【東京創元社】
『ぼくのミステリな日常』

若竹七海著 



 よく「連作短編集」という言葉を聞く。ひとつひとつの作品が短編として独立している純粋な短編集ではなく、たとえば同じ登場人物が複数の物語で活躍したり、ある特定のテーマにもとづいて、短編として独立していながらどこかでつながりがあったりする作品集のことである。前者であれば、たとえば鯨統一郎の『邪馬台国はどこですか?』や加納朋子の『ななつのこ』などが、後者であれば北森鴻の『共犯マジック』や佐藤哲也の『異国伝』などが思い浮かぶが、とくに、いっけんすると何の関係もなさそうな短編が収められていると思わせておいて、じつはそれぞれの短編が、より大きな仕掛けをほどこすための要素のひとつとしても機能していることが最後の最後にあきらかになるタイプの連作短編集は、その仕掛けがうまくいけば、下手な長編よりもはるかに読者の記憶に深い印象をあたえることが可能である。

 私の読書傾向はどちらかというと小粒な短編集よりも、ボリュームのある長編を好むのだが、私が日頃から抱いている読書に対するひとつの信念――その本がほんとうに面白いのかどうかは、最後まで読まなければけっしてわからない、という信念をあらためて認識させられるのは、上述のような上質の連作短編集を読み終えたときである。今回紹介する本書『ぼくのミステリな日常』もまた、連作短編集として分類できる作品であるが、もし本書を途中までしか読んでないのに、それで本書の価値がすべて判断できると思って読むのをやめてしまった方がいらっしゃるのだとしたら、それはじつにもったいないことだと言わなければならない。
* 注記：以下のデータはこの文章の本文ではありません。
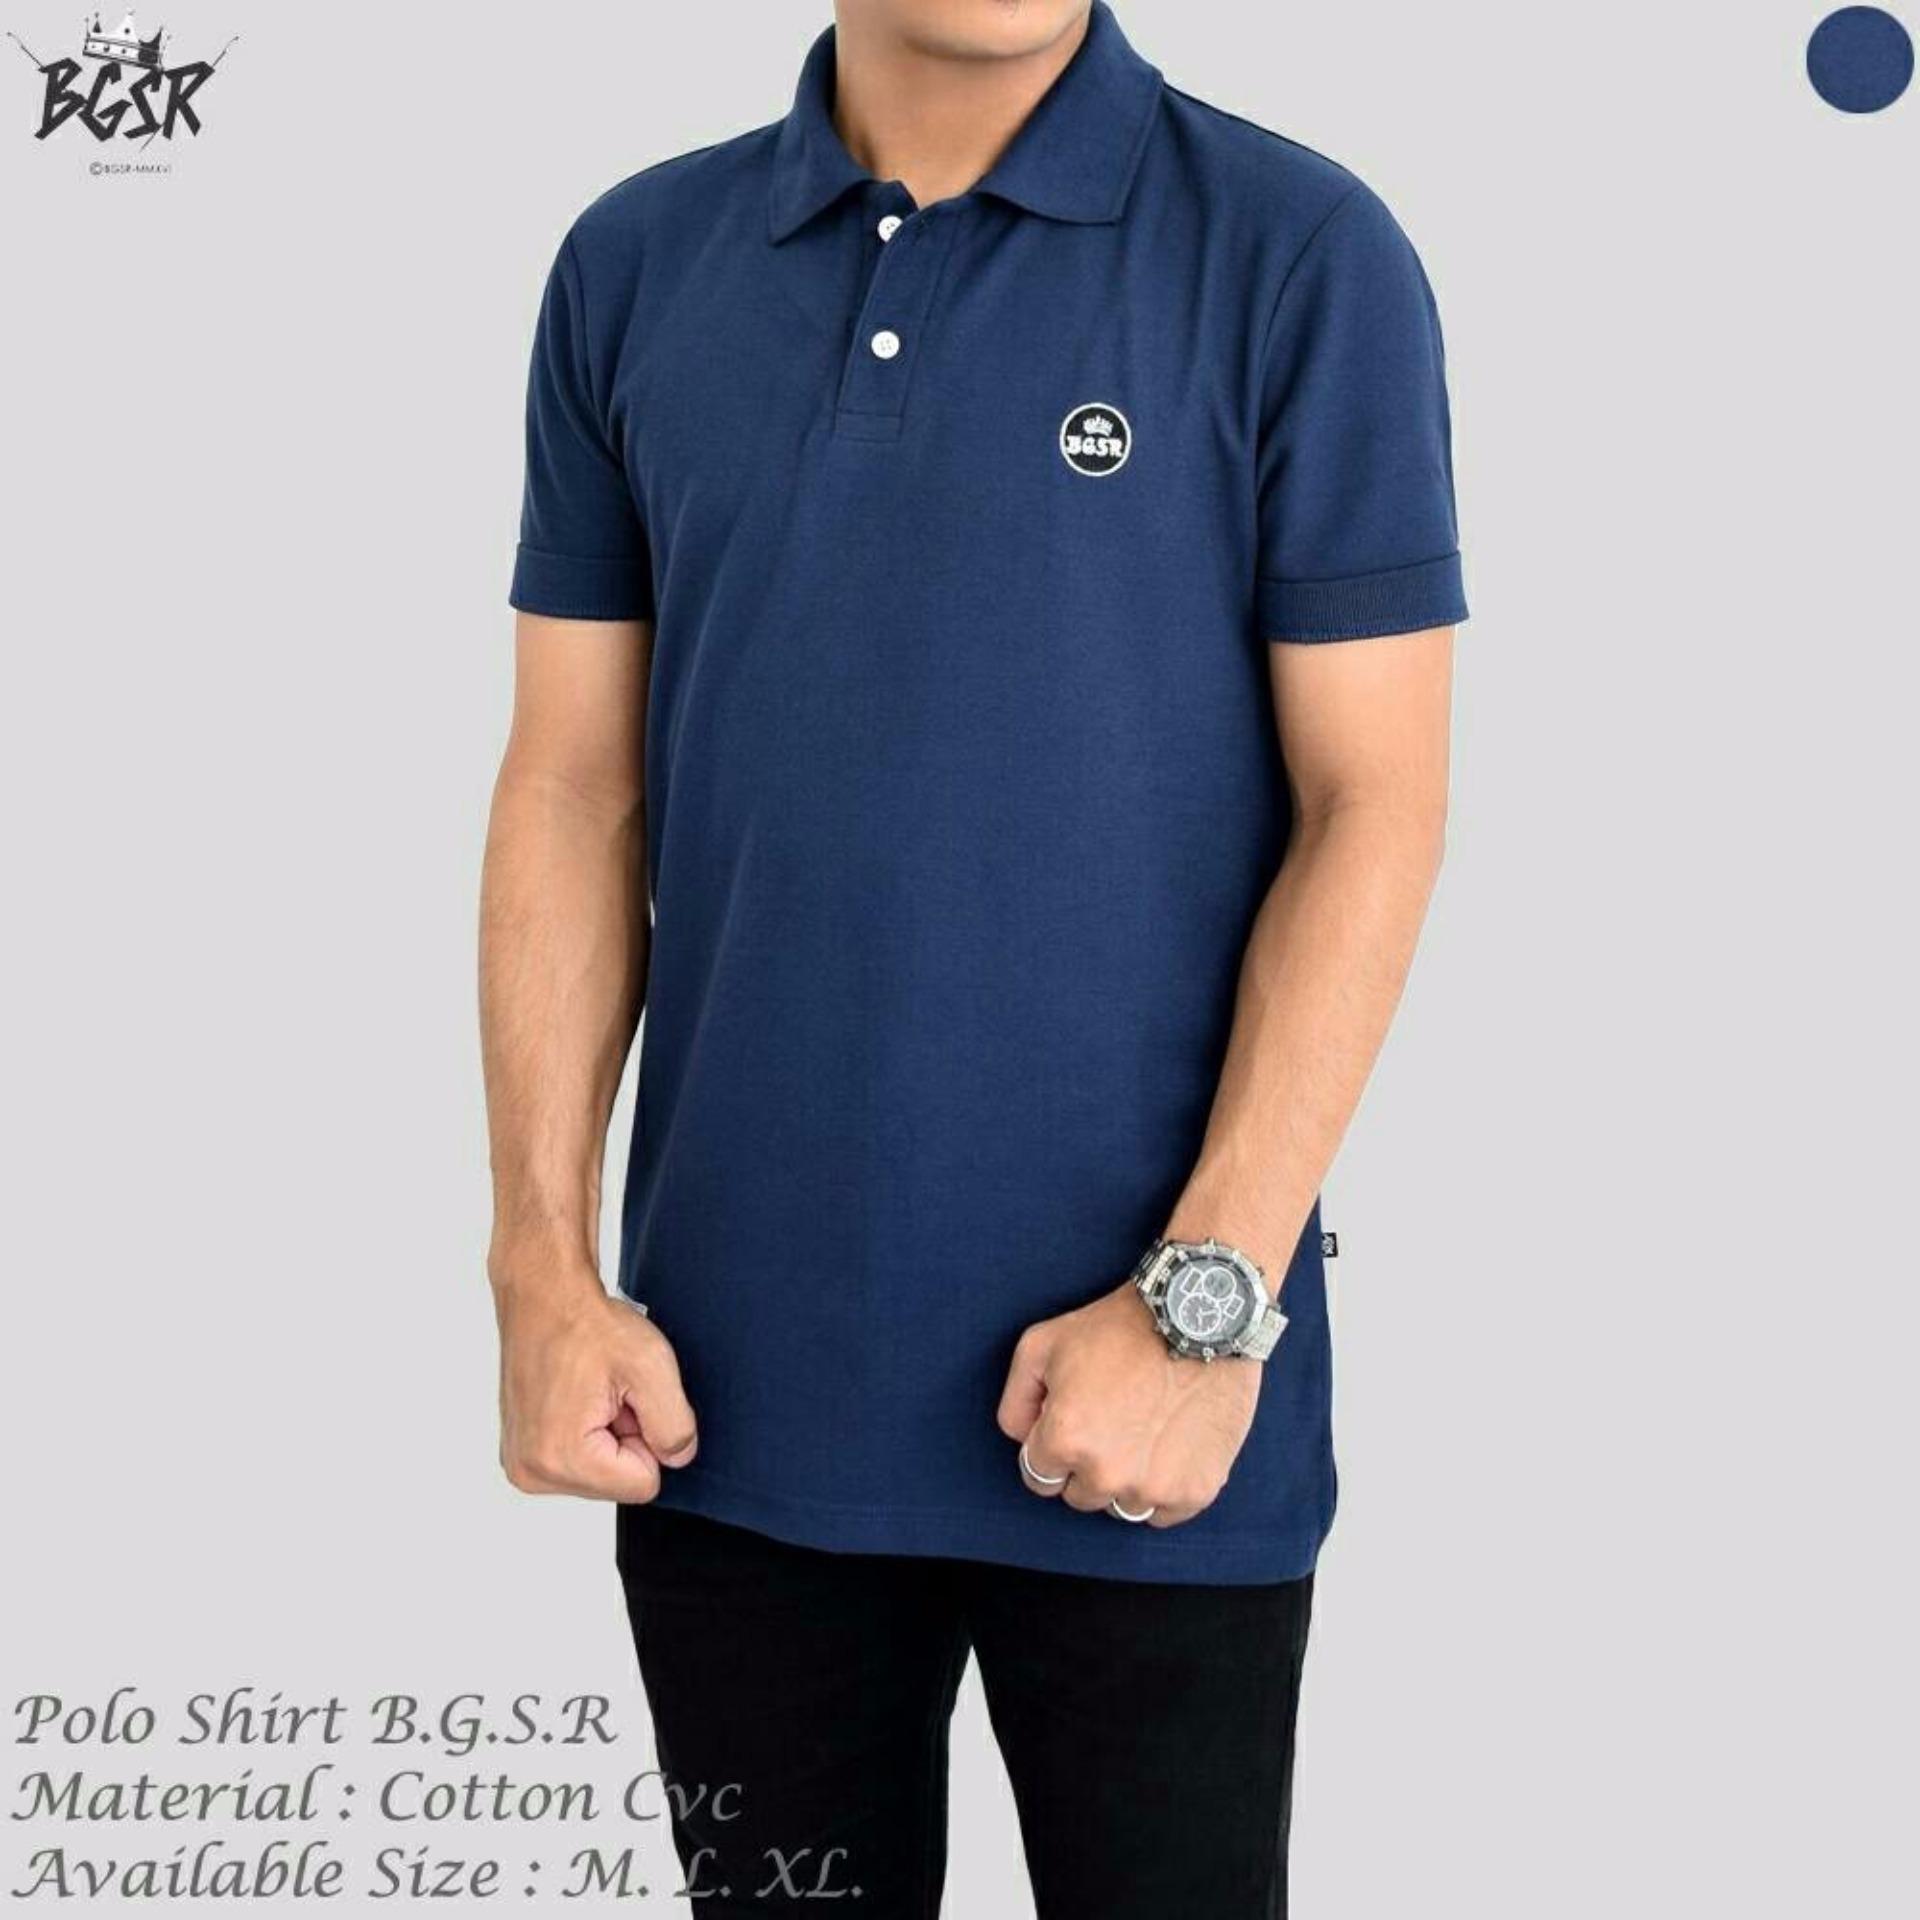 Azure Fashion Polo Wangky Navy Shirt Kaos Pria Lacoste 07717860 Hijau Krahhitam Xl

 二千人もの従業員をかかえ、各地に支店をもつ中堅どころの建設コンサルタント会社ではたらいていたある女性が、なぜか月刊の社内報の製作をまかされ、その社内報に載せる短編小説を書いてくれる身近な人物として、大学時代の先輩の友人を紹介してもらう、という設定でつづられる本書には、あくまでペンネームもない「匿名作家」が書いたものとして、合計12作の短編が収められている。月刊誌ということで、一年をとおして月1作のペースで書かれた作品は、社内報のもくじ(本書にはそれぞれの短編の頭に、社内報のもくじが載せられている)には「匿名作家による連作短編小説」と銘打たれており、当然のことながら私たち読者は、それらの短編集がなんらかのつながりをもっていることを期待するわけである。だが、これらの短編集を結びつけるつながりとは、どんなものなのだろうか。
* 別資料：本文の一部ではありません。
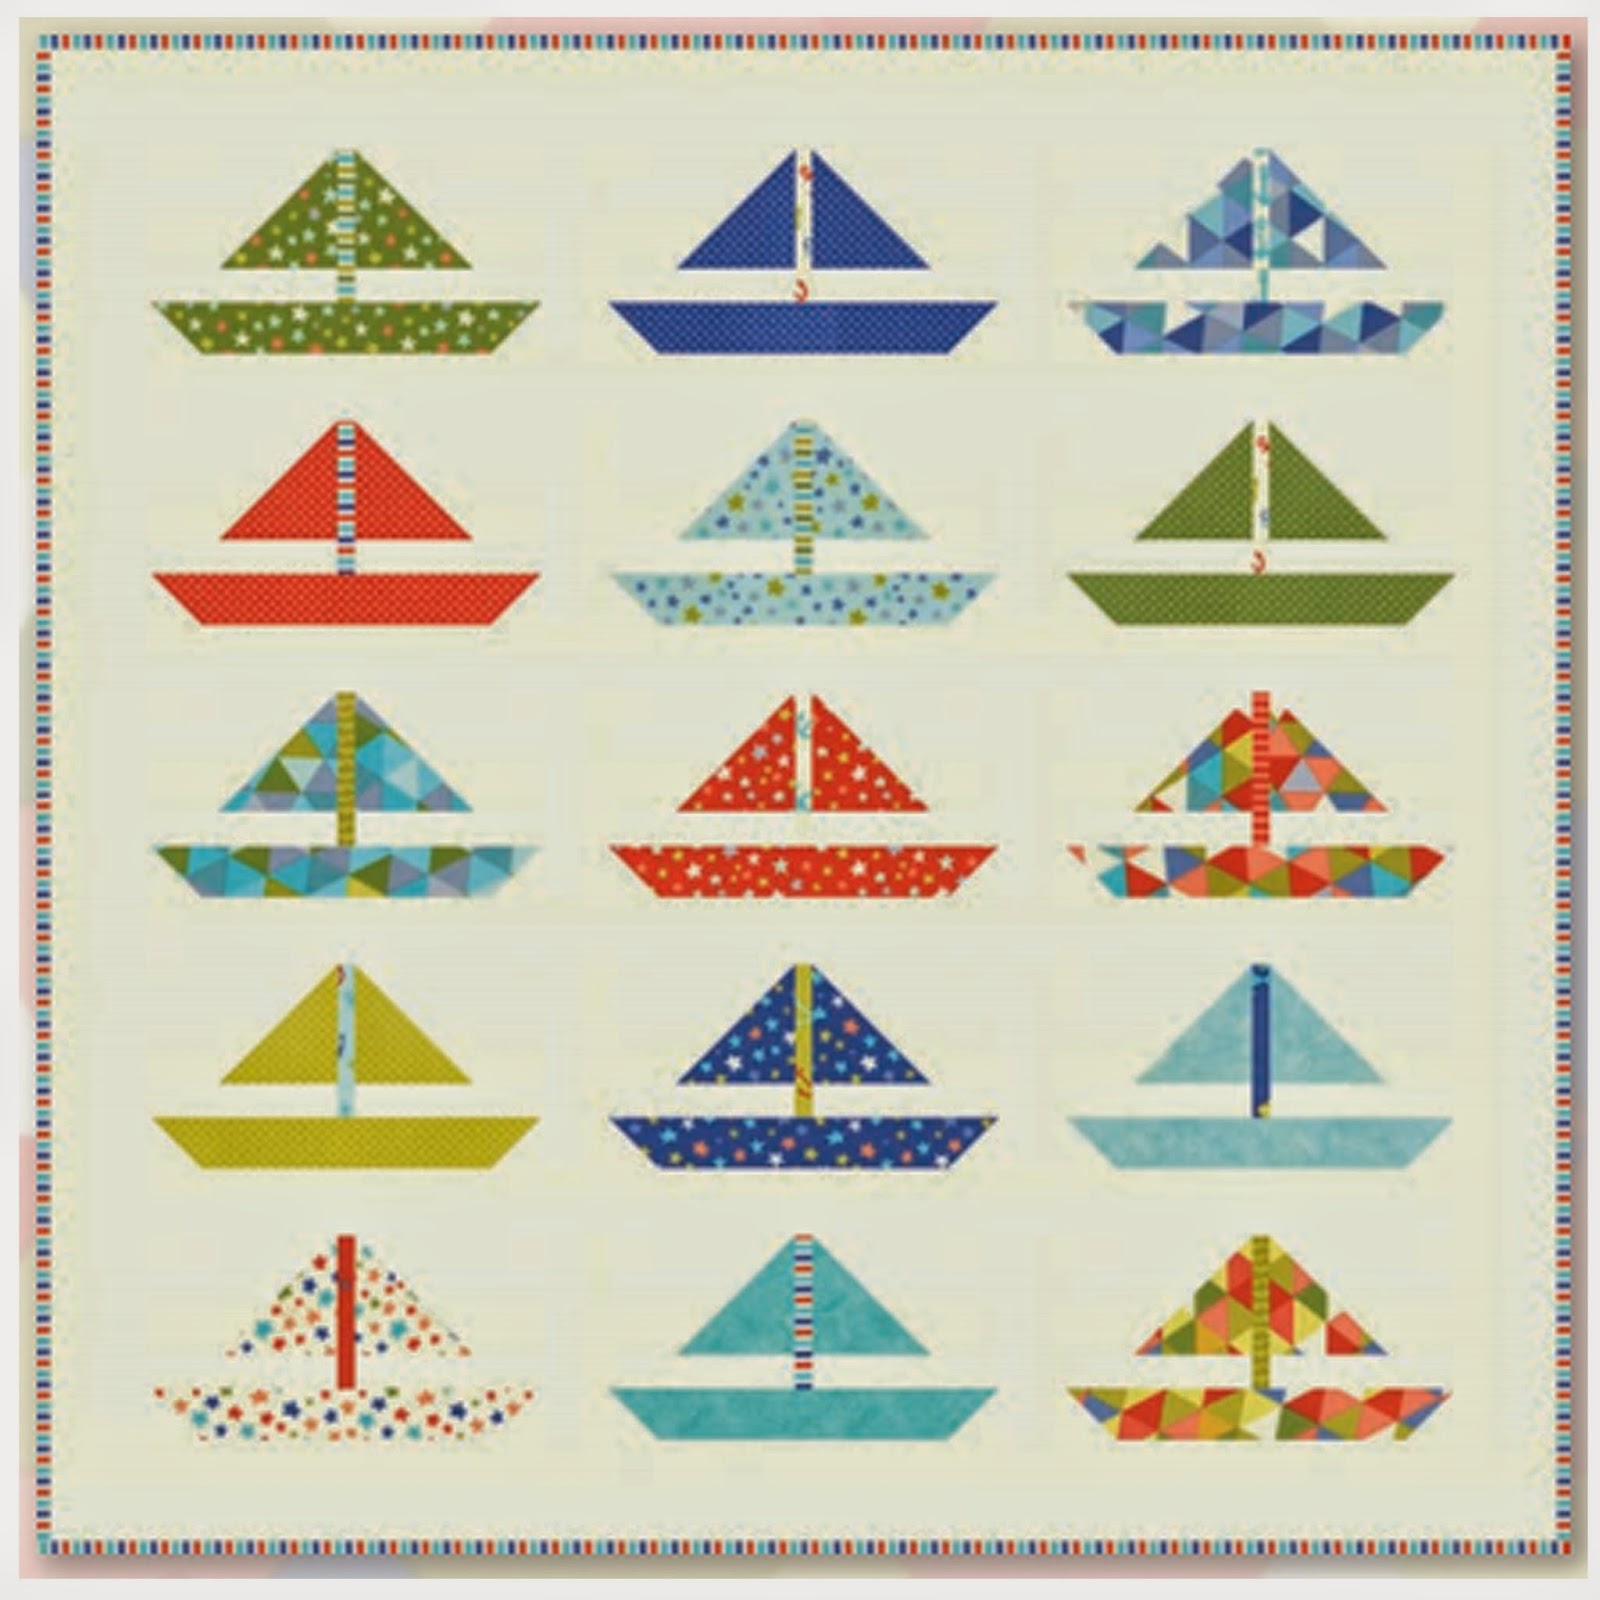 Moda BARTHOLO-MEOW'S REEF Free Quilt pattern

 まず思いつくのは、登場人物のつながりである。これらの短編には必ず「ぼく」という語り手が登場し、その語り手が他の誰かからちょっとミステリじみた話を聞き、最後に語り手自身が探偵役となって事件の真相を解き明かしてみせる、という体裁をとっている。月に一度刊行される社内報の小説、ということで、たとえば四月であれば桜にちなんだ話、十二月であればクリスマス、一月であれば正月といったふうに、その月の風物詩をうまく絡ませたうえで、かつ短編ミステリを展開していくというのも、ひとつのつながりだと言えるだろう。四季折々の情緒をとらえるのが非常にうまいのだ。そして当然のことながら、それぞれの短編がミステリである、というつながりもある。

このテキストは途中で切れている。